Dressed for Winter
Prepared by VBGA Volunteer Sunday Guides
Welcome to VanDusen Garden in winter. Please take a Garden map with you to help follow this self-guided tour. As much as possible, please keep 2 metres distance from others for COVID-19 safety. Follow the directions and numbered signs to the plants highlighted.
In our temperate climate the winter season showcases interesting colours, textures, fruits, and flowers that warm the dullness of rainy days and invite us toward the pleasures of spring. VanDusen’s Winter Walk features plants that dress the garden for winter. Exit right from the plaza and stay on the right-hand paved path past the first junction and continue on to the first numbered sign.
1- Silver maple (Acer saccharinum) features rough textured bark and large spreading branches. Two silver maples were planted at VanDusen in 1973, one on each side of this paved walkway. This species is native to eastern Canada and USA, is fast growing and survives wet soils and floods. From here continue to the junction and go several steps right to look across at the evergreen shrubs surrounding the tall straight tree trunks.
2 – Japanese laurel (Aucuba japonica) with its soft yellow-speckled leaves and rounded form sets off the rough corrugated bark of the tall trees. Variegated cultivars of Aucuba like ‘Gold Dust’ and ‘Crotonifolia’ brighten shaded areas under trees and thrive whether growing conditions are moist or dry. The fruit of Aucuba, a red drupe with a single seed within the fleshy fruit, enhances its winter look. As Aucuba is usually dioecious. i.e. male and female flowers on separate plants, a male plant is needed among several female plants to assure pollination for fruit. Though Aucuba is commonly seen in commercial plantings, this woodland setting echoes their native forests of Japan and east Asia. Just to the left is the next featured plant.
3 – Variegated Japanese sedge (Carex oshimensis ‘Evergold’) is a cultivar of a species of sedge native to dry woods and rocky slopes of Japan’s Honshu island where Mt Fuji is. Its variegated evergreen or semi-evergreen foliage lights up a winter day. Its clumping habit creates tussocks that give a pleasing texture and can curtail the rampant spreading of other low growing plants. The next several plants will be on the right side of this path.

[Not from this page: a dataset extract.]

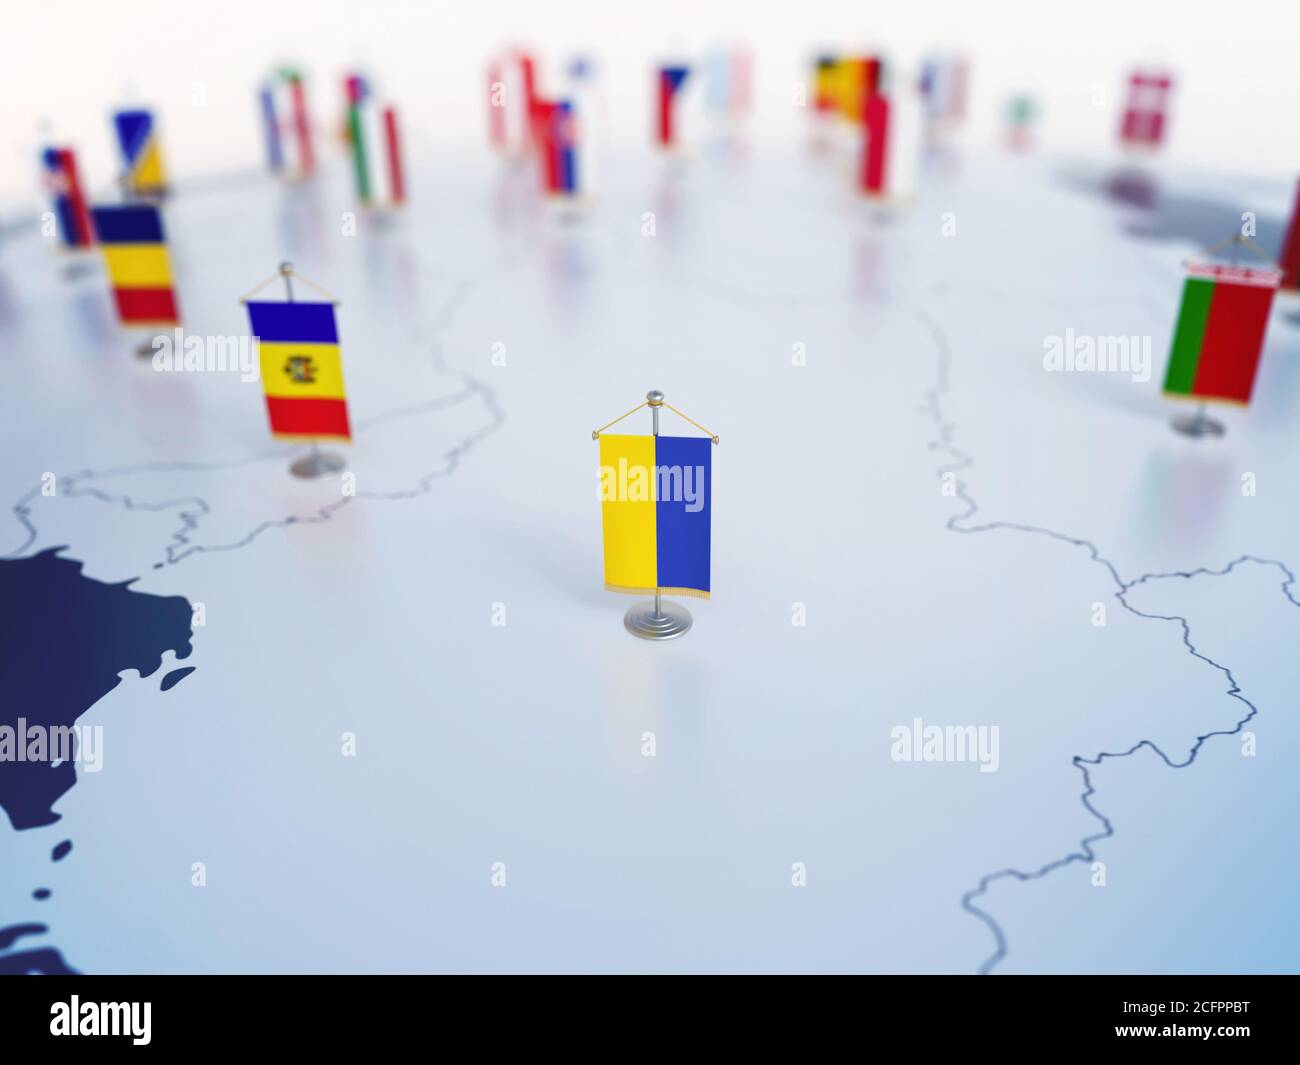 Flag Of Ukraine In Focus Among Other European Countries Flags Europe

4 – Variegated grassleaf sweet flag (Acorus gramineus ‘Ogon’) has a common name that refers to the sweet scent of its crushed foliage. The parent species of this grass-like plant is native to wetland areas of east Asia. Its cultivar ‘Ogon’ is a selection with dwarf habit and narrow variegated foliage. As a versatile ground cover and accent plant, it is reliable and attractive in all seasons, valued for its butter-yellow striped blades and graceful, arching habit.
5 – Hybrid honeysuckle (Lonicera x purpusii) is a shrub that is grown for the profusion and sweet fragrance of its winter bloom. Between December and March, it bears clusters of white tubular flowers with prominent yellow anthers and may attract insect pollinators. It is deciduous or semi-evergreen. Like all honeysuckles, it has opposite leaves and leaf buds. This hybrid of two Chinese species of honeysuckle was developed at Darmstadt Botanic Garden in Germany in the 1920s and named in honour of Carl and Joseph Purpus, brothers who had extensively explored the botany of western North America and introduced many species into cultivation.
6 – Paperbark maple (Acer griseum) just up the mulched path at the right is one of several of this species of maple at VanDusen. This one was acquired in 2001. Paperbark maple has become a popular small street tree in Metro Vancouver over the past 25 years and is valued for its cinnamon-coloured peeling bark, graceful form and attractive foliage. Native to central China, Acer griseum is endangered and declining in the wild due to small fragmented populations and poor reproduction. It was introduced to cultivation by Ernest Wilson in 1901. The epithet “griseum’ refers to the slight greyish-glaucous cast of the underside of its trifoliate leaves which turn a gorgeous red in fall.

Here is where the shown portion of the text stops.